Прилет Уварова отчасти даже встревожил Лунина. Если Проскурякову и Ермакову известно что-нибудь о вчерашних похождениях Серова, так появление комиссара дивизии только к худшему. Командование полка нетрудно было бы уговорить посмотреть на проступок Серова снисходительно, но в присутствии такого высокого начальства они, пожалуй, не осмеляться выгородить его.
Наскоро поев, Лунин, как всегда, направился к техникам своей эскадрильи, а от них — в ПАРМ. Проведя в ПАРМе около часа, он вышел оттуда вместе с Деевым, который торопился на комсомольское собрание, происходившее в избе, где жили мотористы.
— Ко мне сегодня заходил Серов, — сказал Деев.
— Когда? — удивился Лунин.
— Когда вы завтракали.
Деев чуть-чуть усмехнулся, и по этой усмешке Лунин понял, что Серов, проснувшись, сразу пошел к парторгу и рассказал все.
— Что же вы ему сказали?
— Я? — переспросил Деев. — Ничего. А что ему сказать? Он сам не хуже меня понимает. По-моему, пустяки. Такой не сопьется. Здесь другое плохо…
— Другое? — спросил Лунин.
— Тоскует он очень, — сказал Деев. — Дела у него нет сейчас. Без дела с тоской сладить трудно…
Шагов десять прошли они молча. Потом Лунин спросил:
— А Ермаков знает?
— Да мы с Ермаковым еще ночью знали.
— Ну и как он?
— Ермаков насчет пьянства крут. Не терпит.
— Что же будет?
— Он доктора уже с утра к себе вызвал.
— Только доктора?
— Только доктора. Затеял-то ведь все доктор… Ермаков решил доктора разнести.
— Разнес?
— Не успел. Прилетел Уваров, и все отложилось.
— А Уварову скажут?
— Не знаю.
Деев еще рассказывал, а Лунин уже смотрел на Уварова, который стоял у крыльца избы мотористов и поджидал их обоих, издали им улыбаясь.
— А, Константин Игнатьич, — сказал он, когда они подошли к крыльцу, и пожал руку сначала Лунину, потом Дееву. — Нет уж, заходите, мы вас не отпустим. Тут одного из ваших мотористов в комсомол принимают.
Смотря в приветливое, веселое лицо Уварова, Лунин и сам повеселел.
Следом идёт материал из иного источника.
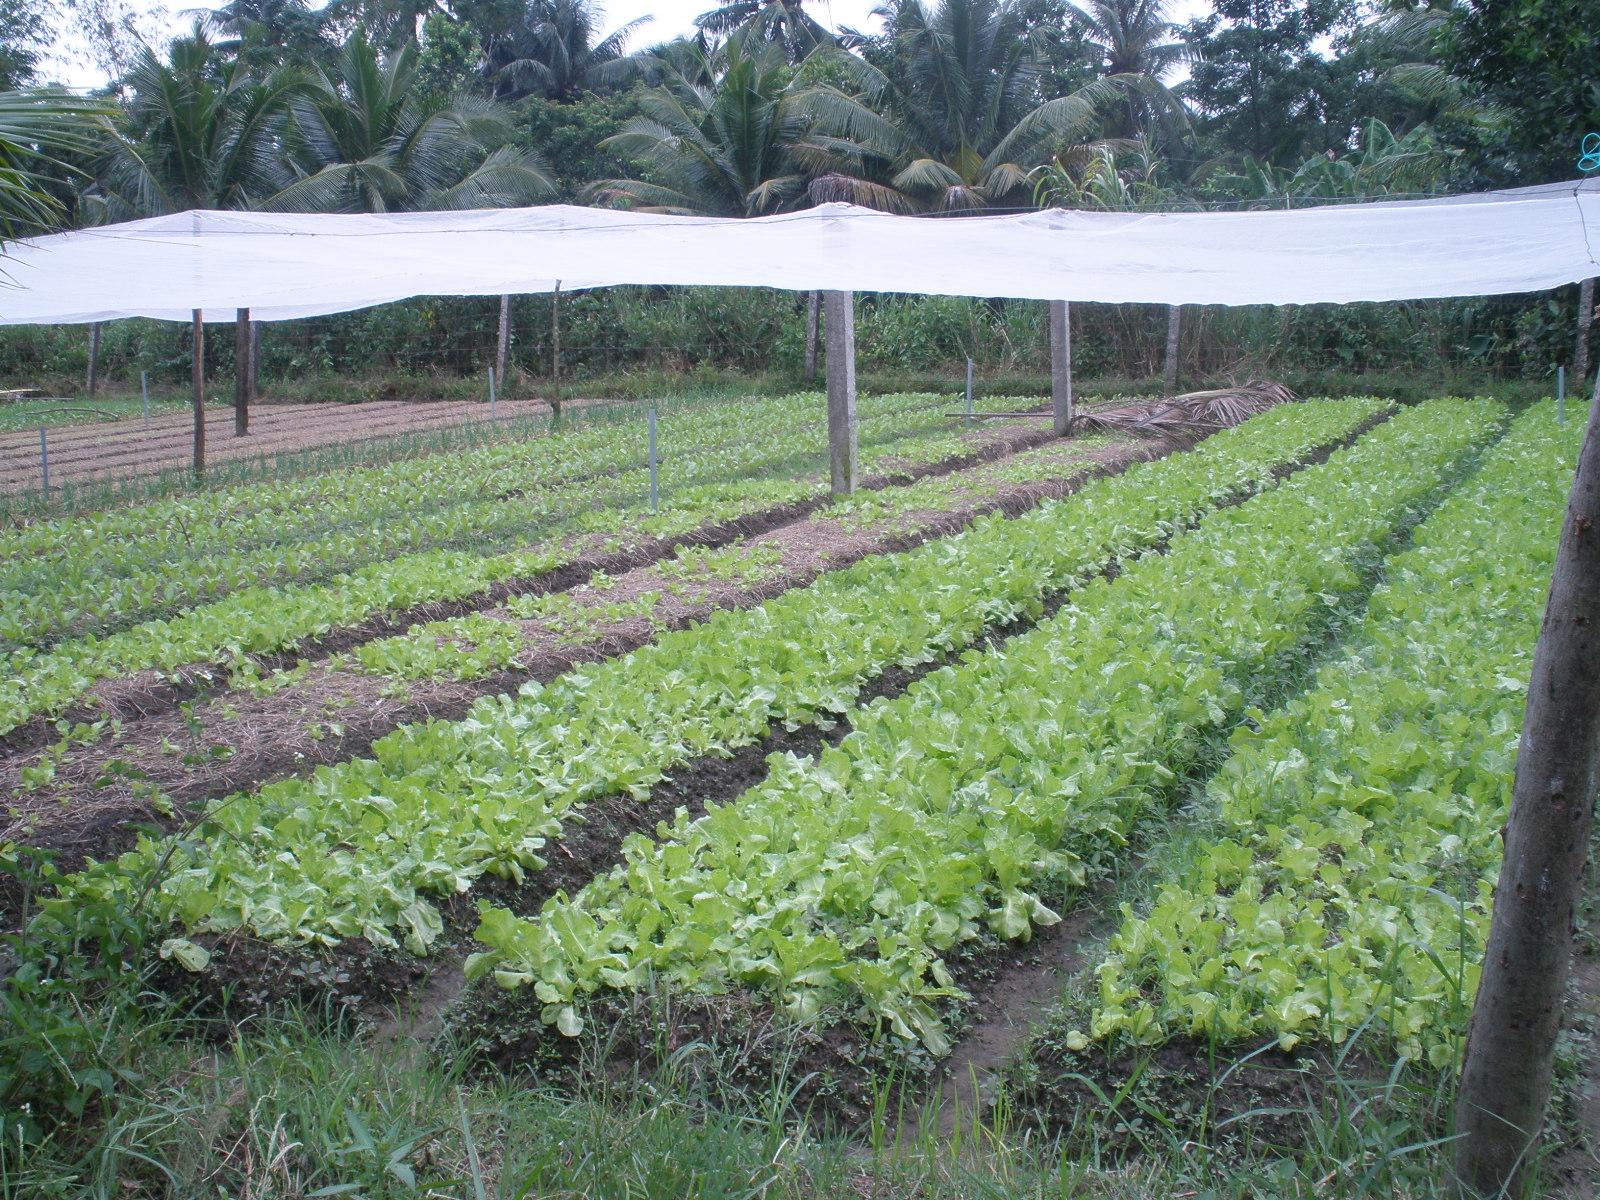 Mô hình lưới chống muỗi ngoài vườn được nhân rộng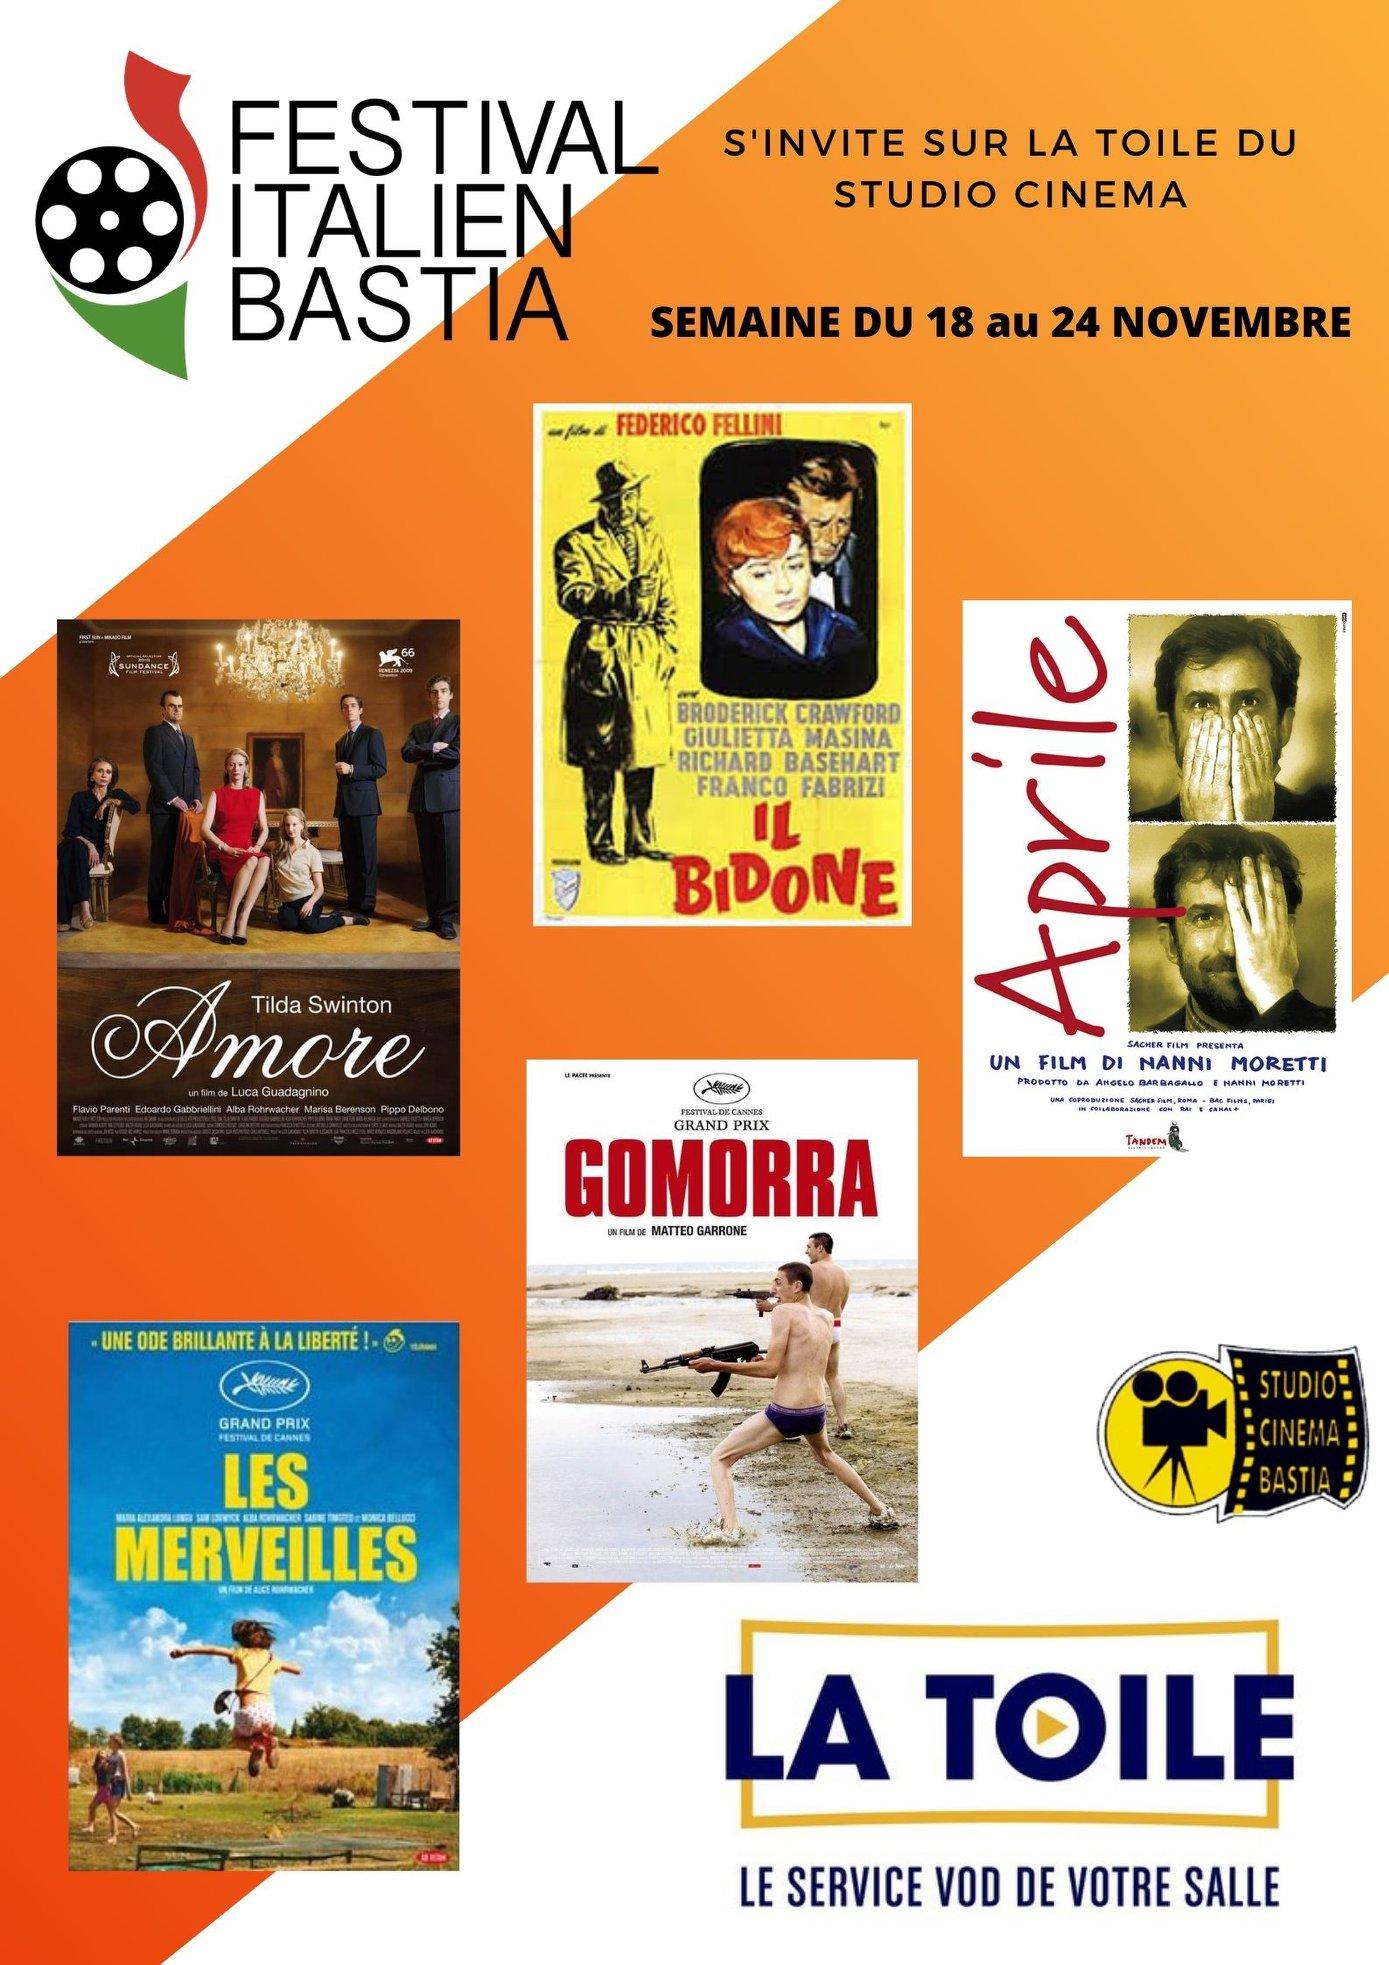 Le Festival du film italien de Bastia s'invite sur la toile du Cinéma Le Studio !

Он вовсе не думал идти на комсомольское собрание, но теперь с удовольствием вошел в эту большую, полную махорочного дыма избу, где со всех сторон на них глядели молодые, огрубевшие от мороза и ветра лица. Комсомольцы эскадрильи — главным образом мотористы и несколько молоденьких техников — сидели на всех нарах и лавках.
— Не вставайте! Сидите! Продолжайте, — сказал Уваров. — Здравствуйте, здравствуйте! — и тихонько присел в углу вместе с Луниным и Деевым.